The company culture is fast paced, free wheeling and quirky, with a mantra of "work hard, play hard." The company takes both parts of the equation seriously. A huge trampoline sits in one work area, there's a game room and a half-pipe was recently installed.

But the big news out of the company came in February when RevZilla and investment funds managed by Boston-based J.W. Childs Associates announced an agreement to be joint equity holders of a new holding company with investments in both RevZilla and Cycle Gear, Inc. Cycle Gear, based in Benicia, California, has 113 stores in 34 states and was acquired by J.W. Childs in January 2015.

Both RevZilla and Cycle Gear will continue to operate as independent sister companies. The financial terms of the deal were not disclosed.

While Bucci, RevZilla's chief executive officer, declined to discuss the deal, comments on the company's website assured employees and customers that the three founders are still firmly in control and have no intention of fundamentally changing the way business is done.

The company is analyzing "how RevZilla can leverage new capital to scale more quickly and entertain new opportunities like our own retail destination stores or international expansion."

With the rapid growth, the company now faces the challenge of maintaining its unique culture. RevZilla has always valued experimentation and speed, but finds itself having to add layers on management.

"We're trying to be more strategic, but we're not managers, managing managers, managing managers," Bucci said.

He said RevZilla keeps employees engaged by being transparent, so everyone knows what is vital to the business.

Flexibility is prized and employees are encouraged to share their ideas and stretch themselves.
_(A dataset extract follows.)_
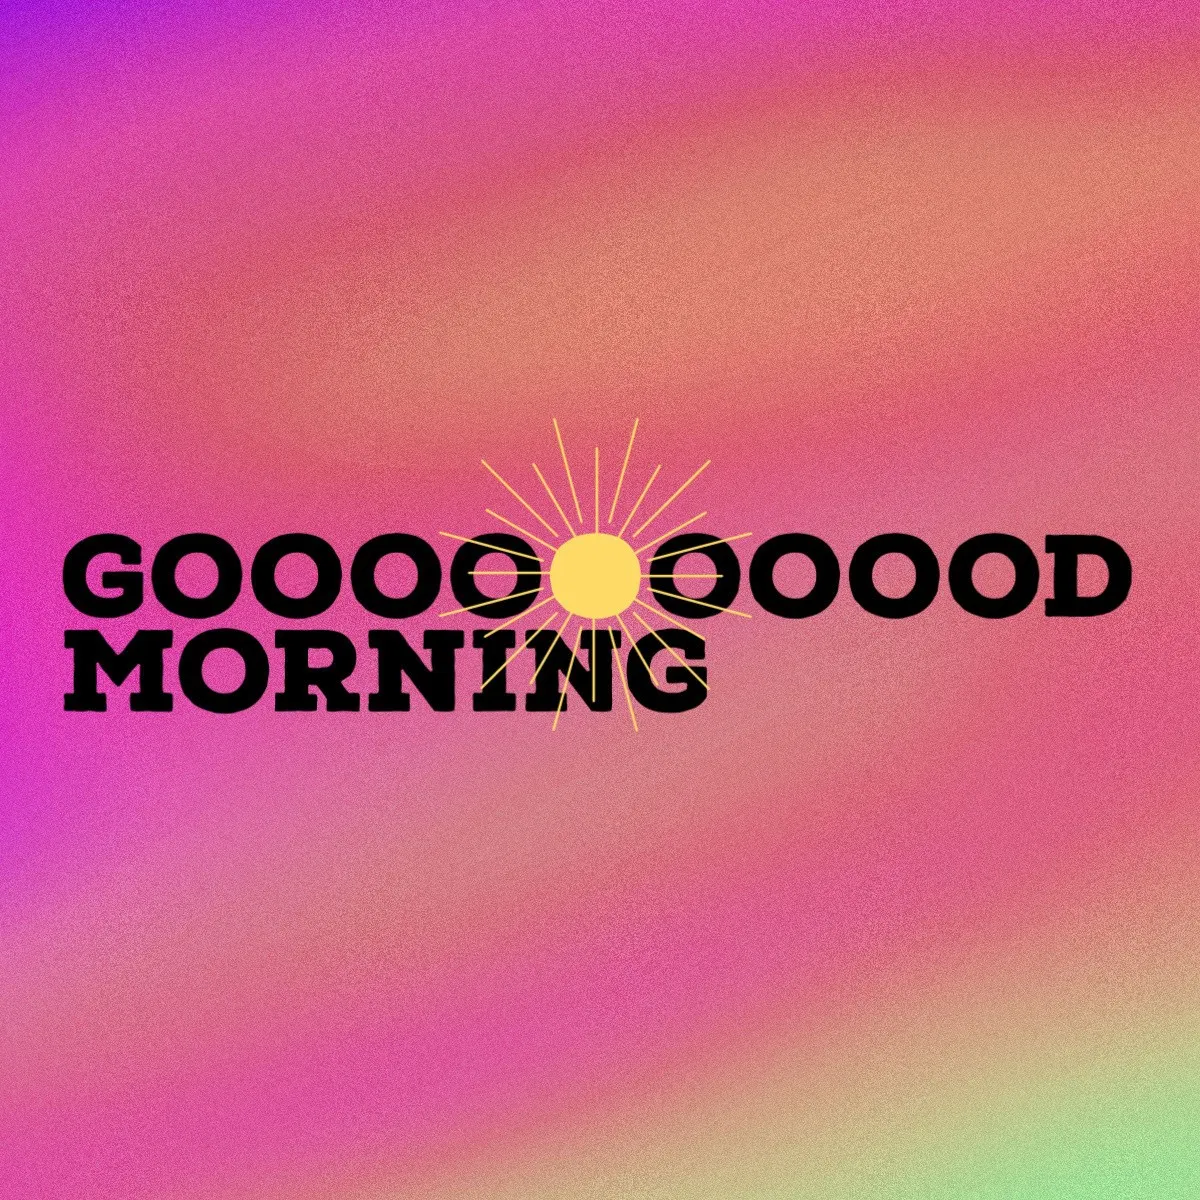 Send Good Morning Messages | Adobe Express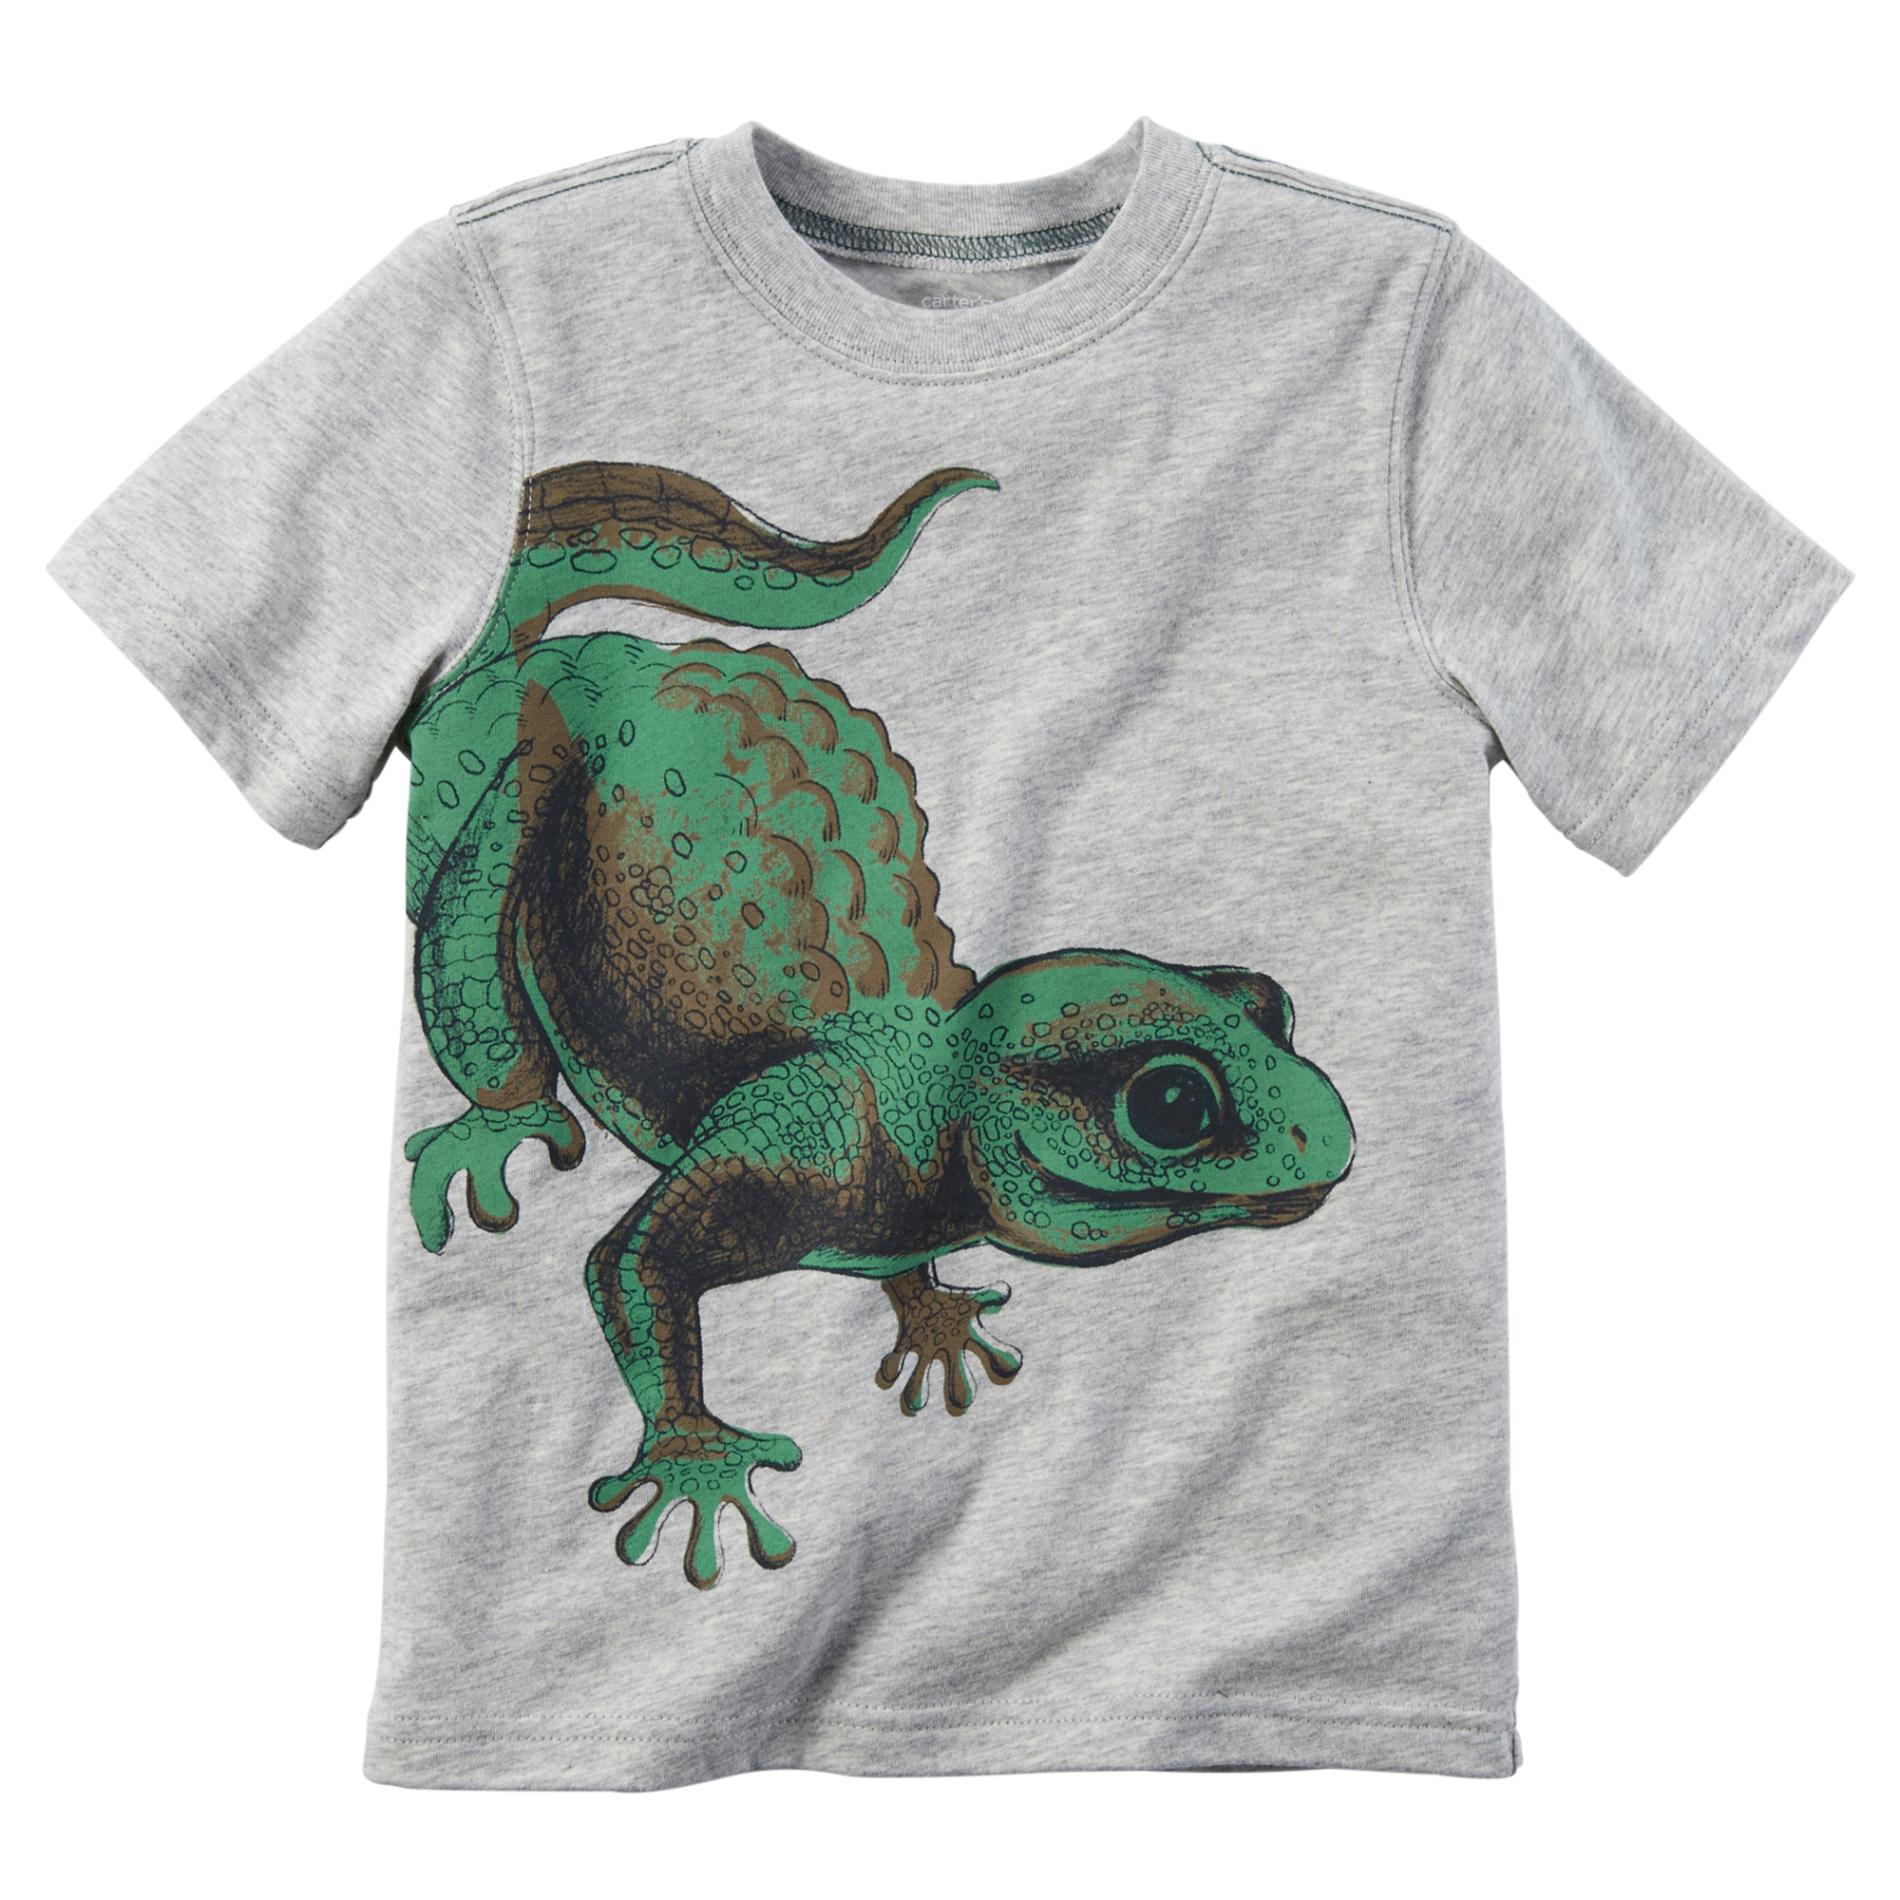 Boy's Graphic T-Shirt - Lizard

At any given moment, an employee could be tapped to appear in a video for RevZilla's popular YouTube channel. As of last August, it had racked up more than 50 million views with 54,758 comments on 4,639 videos.

More editorial content also is being published on the RevZilla website through Common Tread, which features reviews and other stories on just about anything related to motorcycles. Anyone can contribute, which has proved popular in a workplace where 80 percent of the employees ride motorcycles.

Common Tread averages 921,174 monthly unique views, up 143 percent in six months.

Brett Walling, director of media and talent, said editors work with inexperienced writers to get their articles in shape.

"We tell people that if they have a story they want to tell, let us know," Walling said. "It makes people feel they have a say."

As for the company culture, it's as wacky as ever.

Revzilla boasts that more than 45,000 paintballs were fired at an annual company outing last year, part of a tradition that started in 2008 with just the three founders participating.

"It's kind of nuts," Bucci said. "We'll keep doing it as long as people are into it."